10K cubic meters of water collected from Saint Catherine floods


Sun, 02 Sep 2018 - 04:20 GMT

Floods hit Saint Catherine - press photo

Floods hit Saint Catherine - press photo

CAIRO - 2 September 2018: The floods, which hit Egypt’s Saint Catherine over the past two days, resulted in the accumulation of around 10,000 cubic meters of floodwater, said the Ministry of Water Resources and Irrigation.

The floods hit areas of al-Nabi Saleh and al-Ismabiya of South Sinai’s Saint Catherine, filling man-made lakes in the mountainous places with around 10,000 cubic meters of rainwater, said the Ministry of Water Resources and Irrigation in a statement on Sunday.

It is the first flood wave Egypt witnesses this year, according to the statement of Egyptian Meteorological Authority (EMA) on Friday.

Last month, the Ministry of Water Resources and Irrigation, in cooperation with the South Sinai governor, inaugurated a project of building a cement barrier to push floodwater into a man-made lake in al-Ismabiya to save city houses from flood risks.

Over the past two years, the government built a number of lakes and barriers to protect South Sinai, especially Taba, from flood risks.

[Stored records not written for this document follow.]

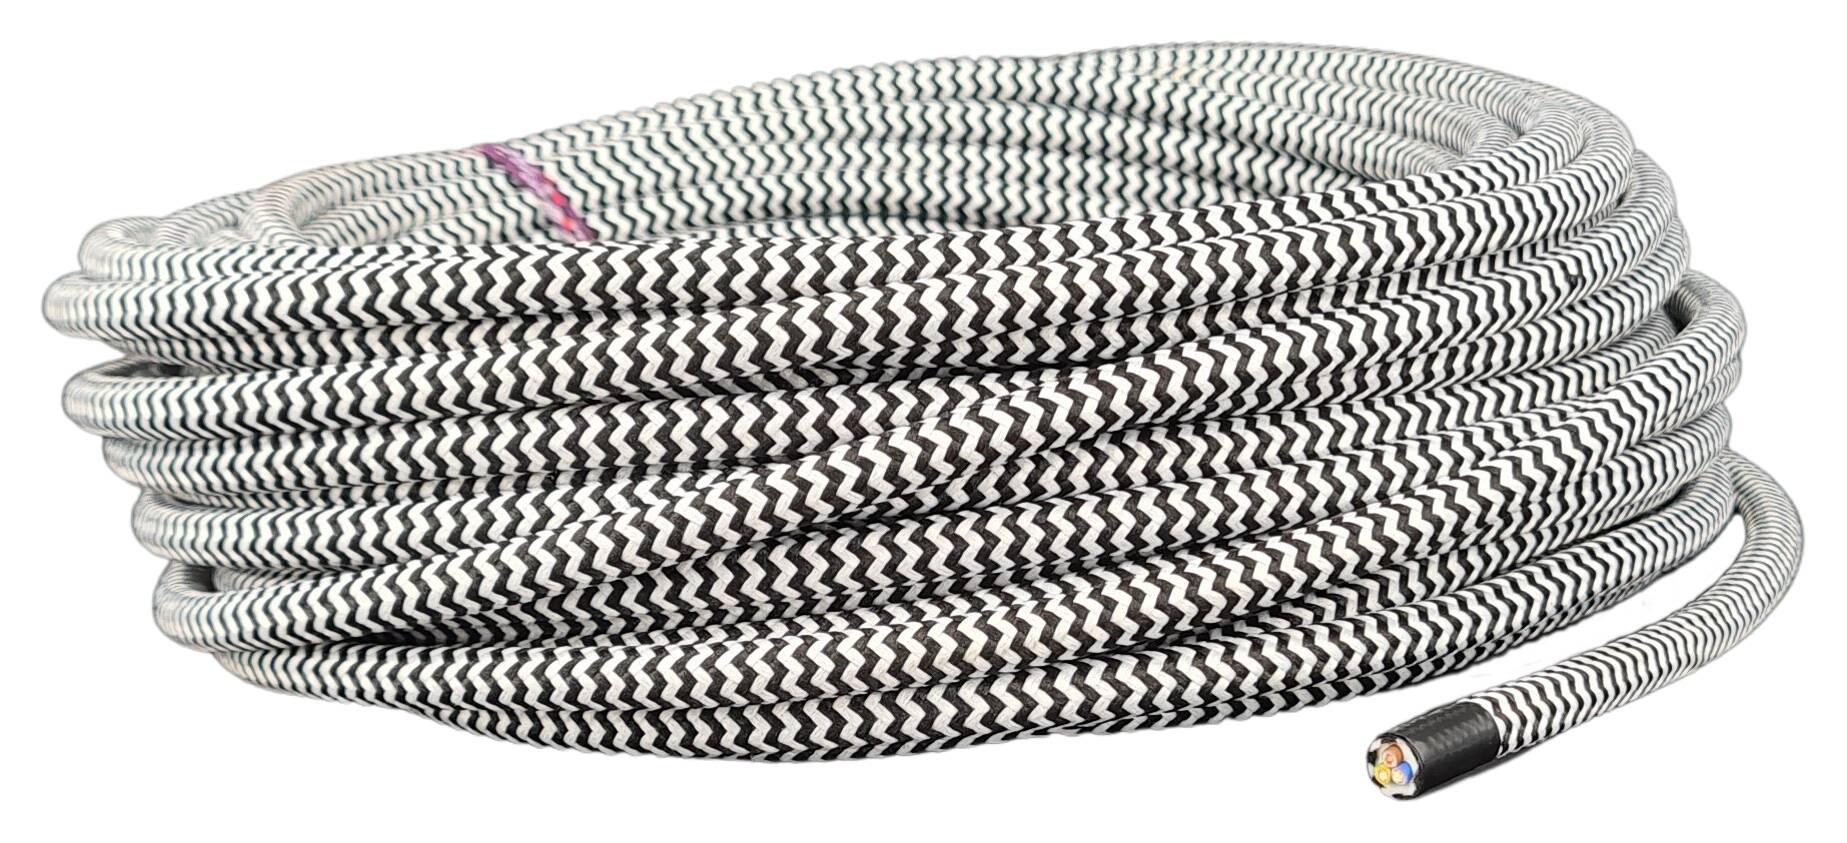 cable 3G 0,75 H03VV-F textile braided zigzag black-white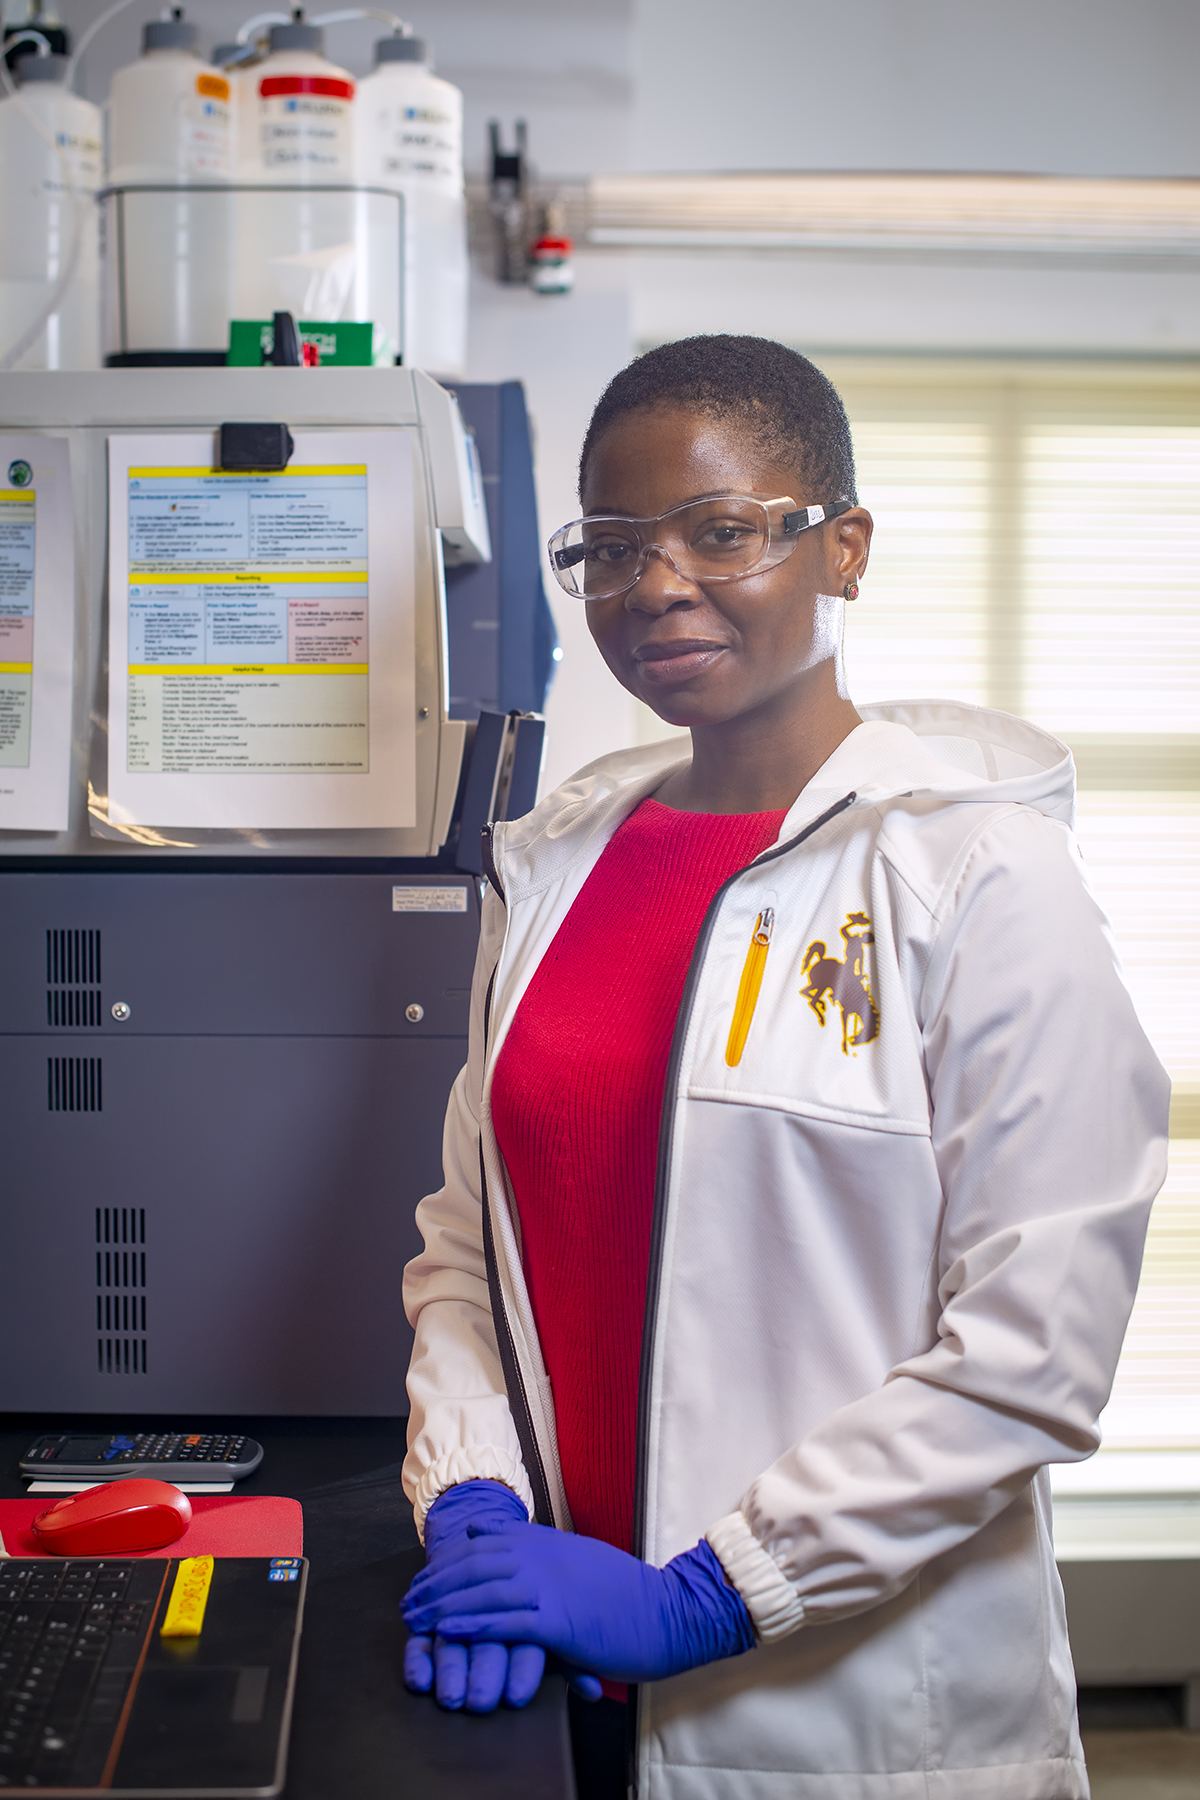 Alero Gure from Nigeria works in the Geochemistry Analytical Laboratory in the Earth Sciences Building. She works with an Ion Chromatographic System and switches out sample loops that analyze anions, specifically the oxychlorine species that Alero is studying. The purpose of her research is how certain oxidized compounds are formed on the surface of Mars by photoelectrochemical processes. 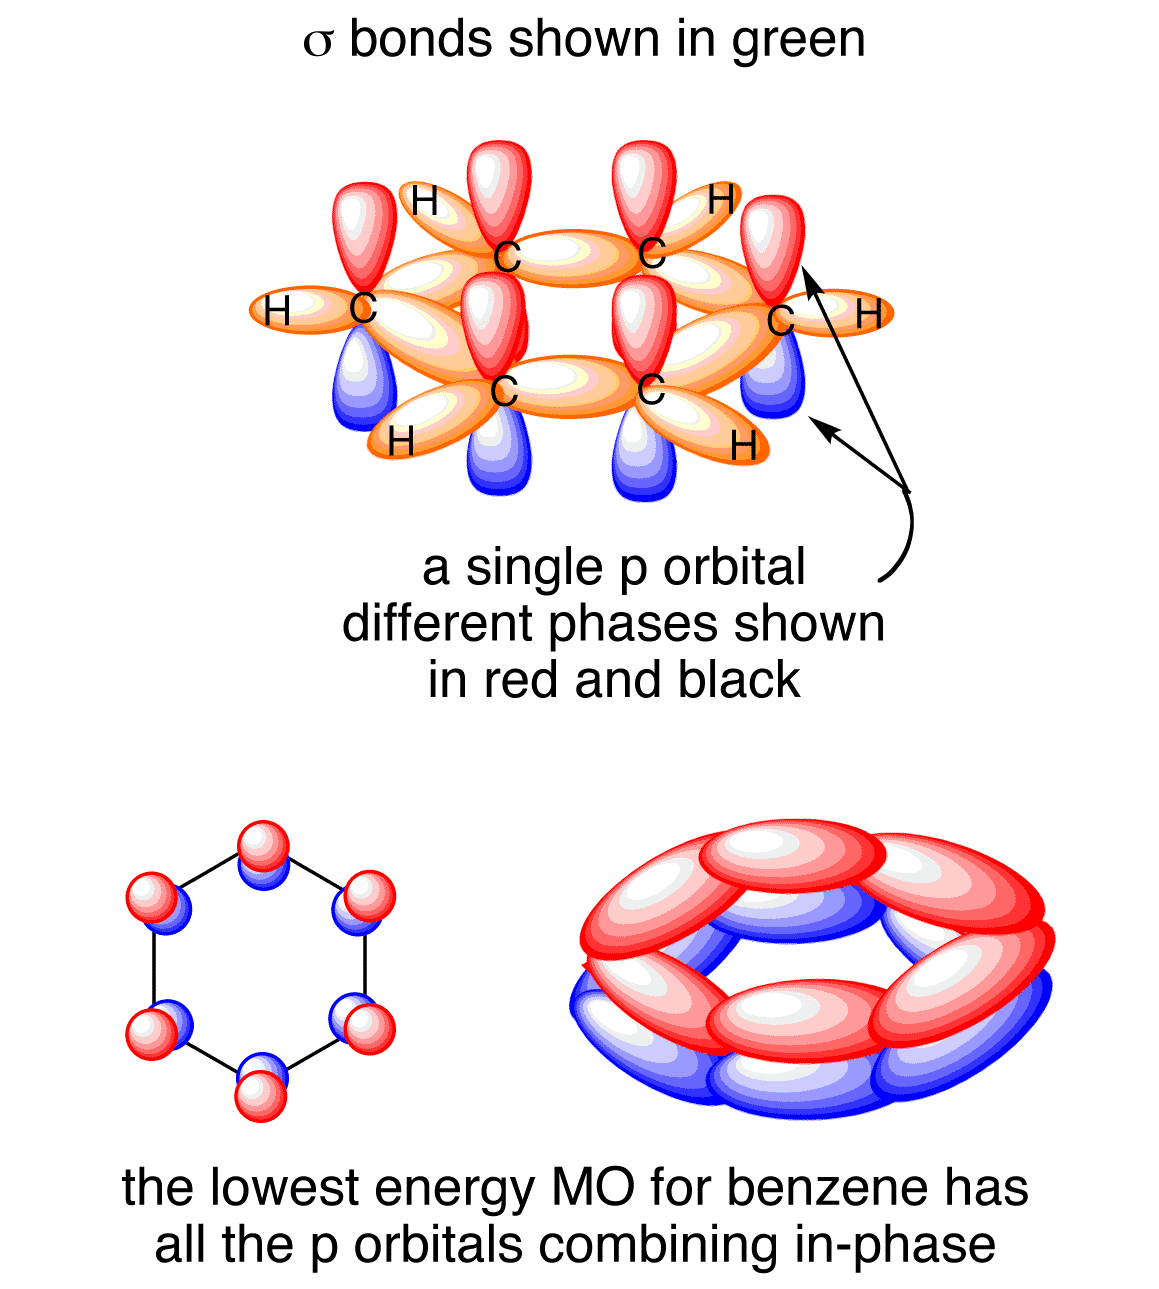 File:Potassium-cyanide-phase-I-unit-cell-3D-balls.png - Wikimedia Commons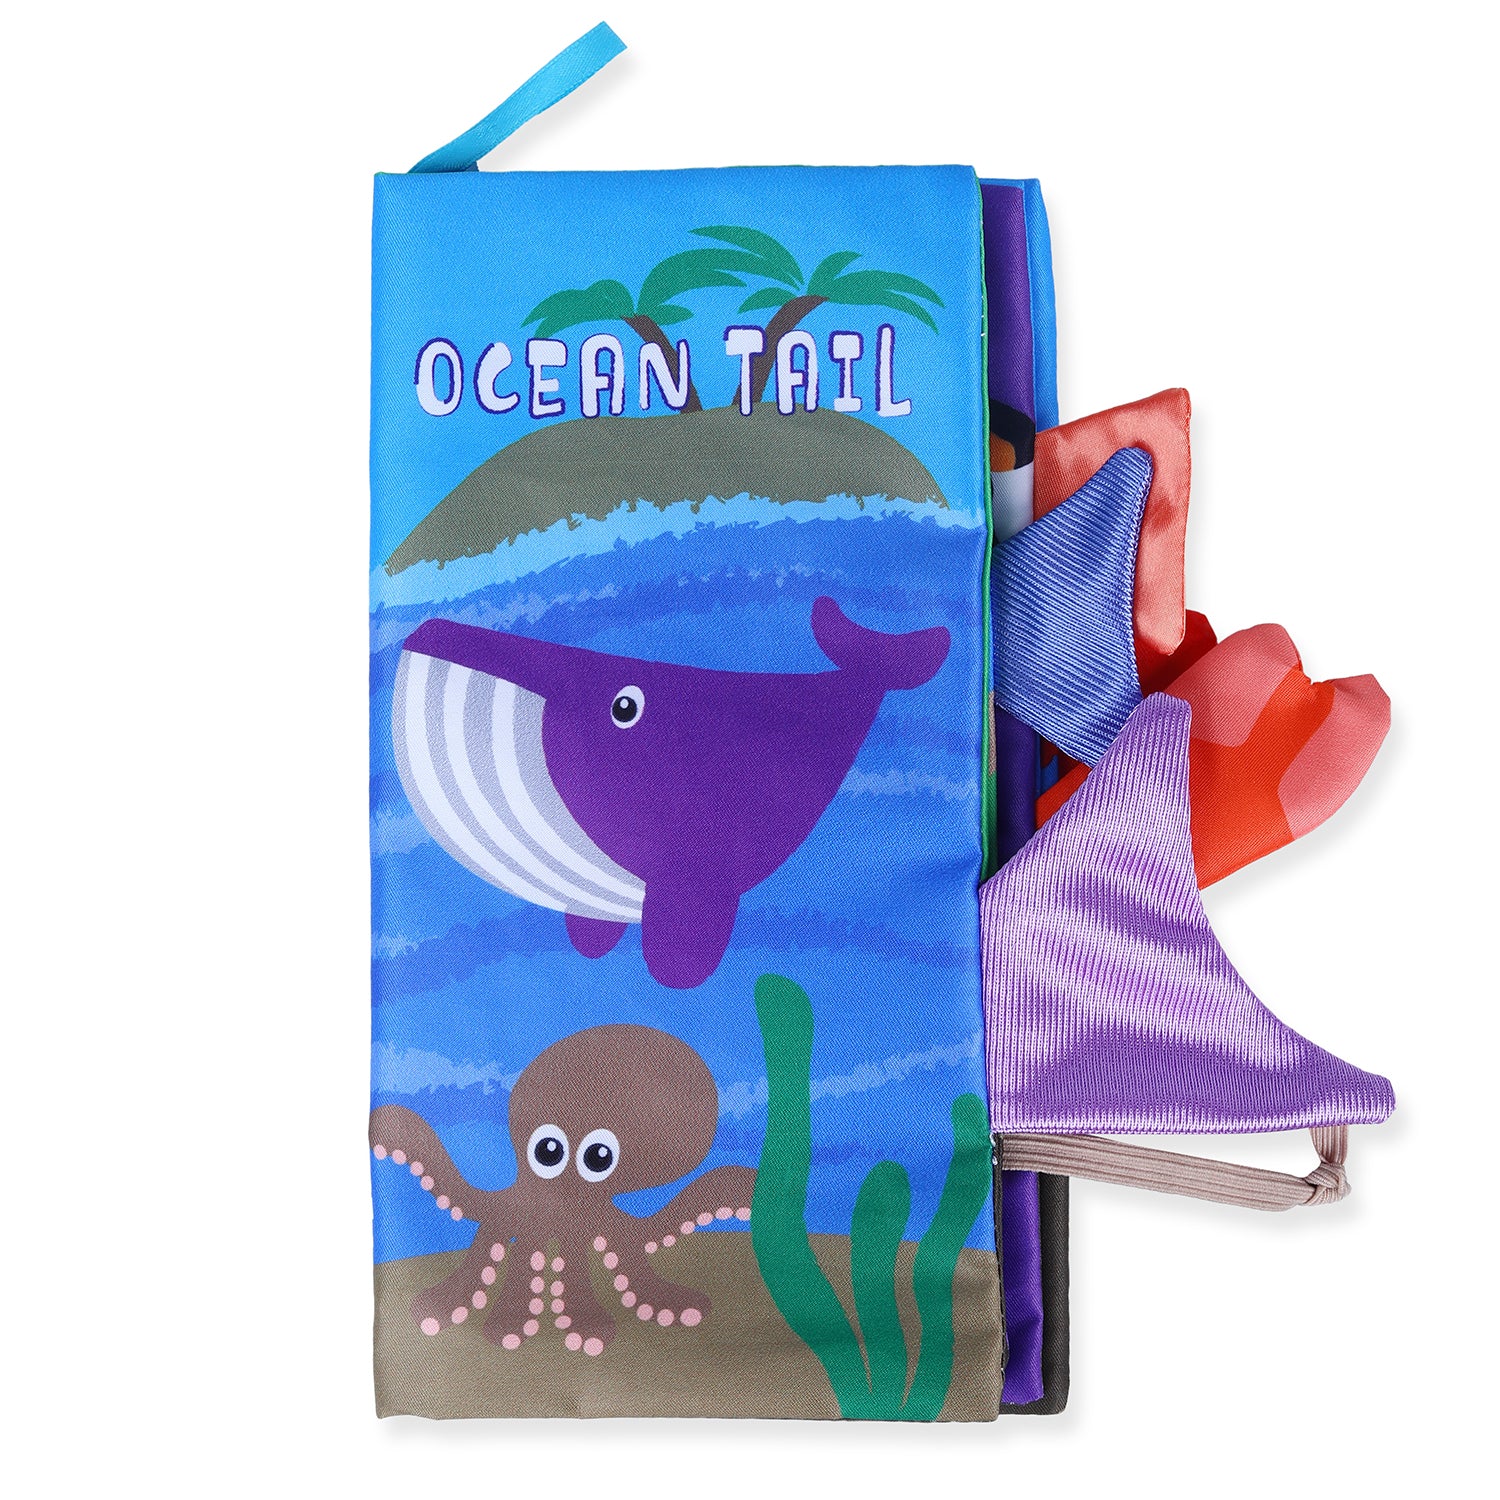 Ocean Tail Early Children Sensory Development Interactive 3D Cloth Book With Rustle Paper - Multicolour

In 2014, several hotels in Taba drowned by floods.

The following video footage shows floods that hit Taba heights hotel in 2014.

South Sinai has a total of 150 barriers to protect the governorate from the seasonal floods, said former spokesperson of the Ministry Hossam el-Imam in a talk show in al-Hayat channel in April 2018.

Egypt suffers from a water deficit of 21 billion cubic meters annually and imports a total of 34 billion cubic meters of water annually in food products to achieve food security. Egypt’s consumption reached 110 billion cubic meters, while it currently has 60 million cubic meters annually, said Minister of Water Resources and Irrigation Mohamed Abdel Aati in previous statements.

Egypt’s water situation is very critical and rare as most of its land is desert, Adel Aati said during Tajikistan-held high-level International Conference on International Decade for Action “Water For Sustainable Development,” 2018-2020 in June.

It is expected that the water share per capita would drop to 500 cubic meters annually by 2025 amid the rapid deterioration of water and underground water quality, he said. Egypt’s water share per capita declined by 60 percent since 1970, reaching 663 cubic meters, in accordance with the 2014 report issued by the state-owned Central Agency for Public Mobilization and Statistics (CAPMAS).